Prep Time 30 minutes
Bake 1 hour
Oven 375 F
Serves 8


1 recipe no fail pie crust 

6 cups thinly sliced, peeled apples ( Any apples are good, but Granny Smith is delicious.)
1 teaspoon lemon juice ( This is optional. I did it for my apple crumb pie, and it tasted good. It helped with making the apples taste tart as well as sweet.)
3\4 cup sugar
2 Tablespoons flour
1\2 teaspoon cinnamon
1\2 teaspoon nutmeg
Crumb topping ( Recipe above.) 

Directions

1. Preheat oven to 375. Make crust, and split into two halves. Unroll one half into a 9 inch pie plate. 

2. If desired, sprinkle apples with lemon juice. In a large bowl, stir together sugar, flour, cinnamon, and nutmeg. Add apple slices; gently toss until coated.


3. Transfer apple mixture to the pie crust lined pie plate. Sprinkle with crumb topping and crimp edges as desired. To prevent over browning  cover edge of pie with foil. Bake for 40 minutes. Remove foil. Bake for 20 minutes more or until apples are tender and filling is bubbly. Cool on a wire rack. To serve warm, let pie cool at least 2 hours.


And, As I Always Love to Say... Enjoy

Sunday, November 11, 2012

Peach Pie with Lattice Crust

    My second test subject for my pie journey was peach pie. Peach pie is not a pie you see often in stores. You mostly hear about peach cobbler or some kind of peaches n' cream candy. No one knows why peach pie is not as common as say apple, or strawberry-rhubarb. My journey, though, will be covering all pies.

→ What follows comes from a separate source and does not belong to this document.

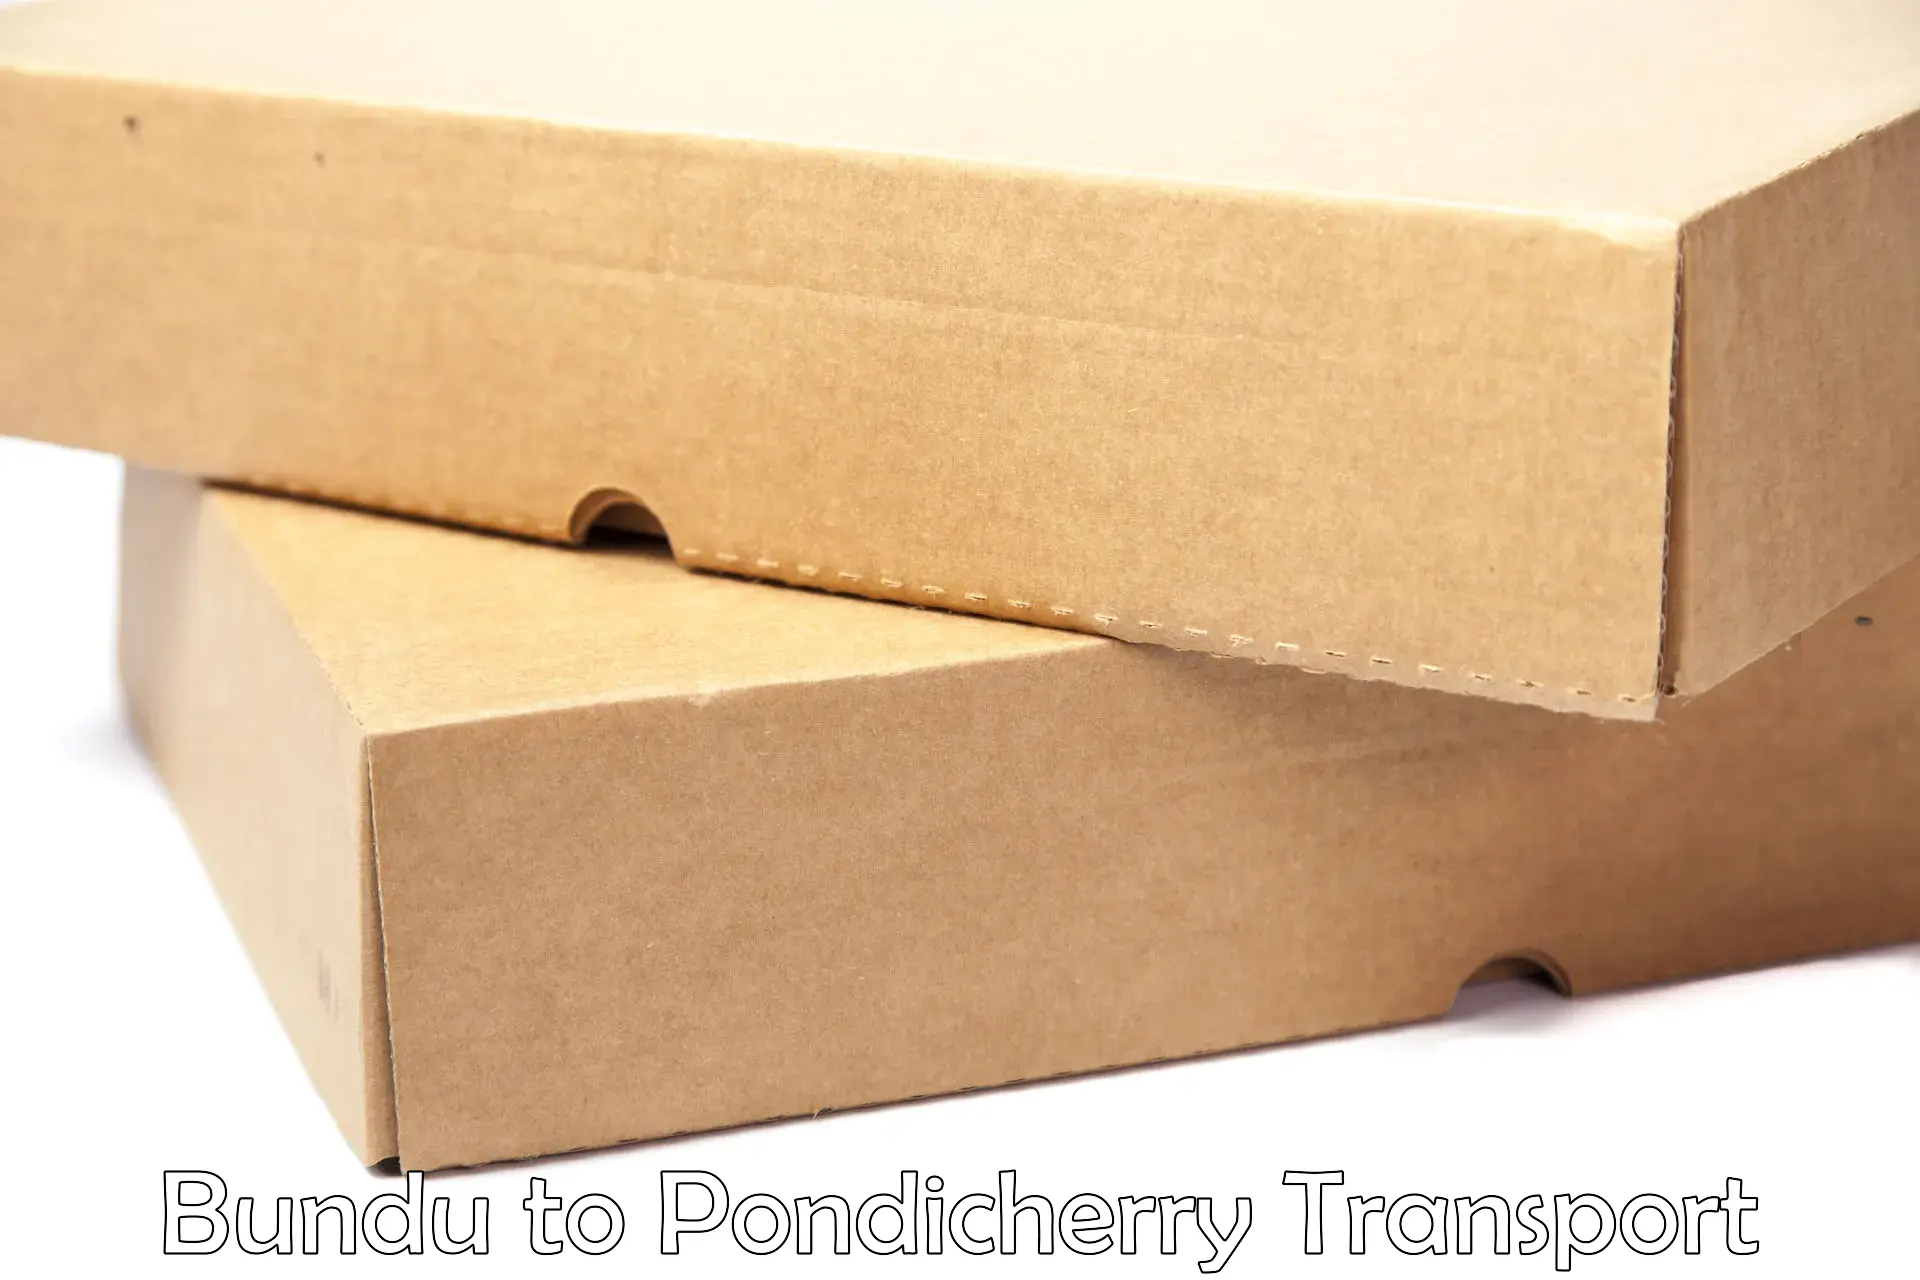 Delivery service Bundu to Pondicherry

   The first thing about this pie that I will note is that I did use frozen peaches. I would have preferred fresh, but only for the reason that I like fresh foods better than frozen. The second thing to note is that instead of using the crust recipe that my cookbook calls for, I used my mom's recipe which she got from her midwife friend. I have come to find that this recipe is very good, and I have decided to use it for all of my pies. I will post the recipe for it with any other pie recipes I post in the future. One thing about this pie crust you must know is that it is enough for a double crust pie, a pie with a lattice crust, or two pies with no crusts on top. It works out well and is very simple.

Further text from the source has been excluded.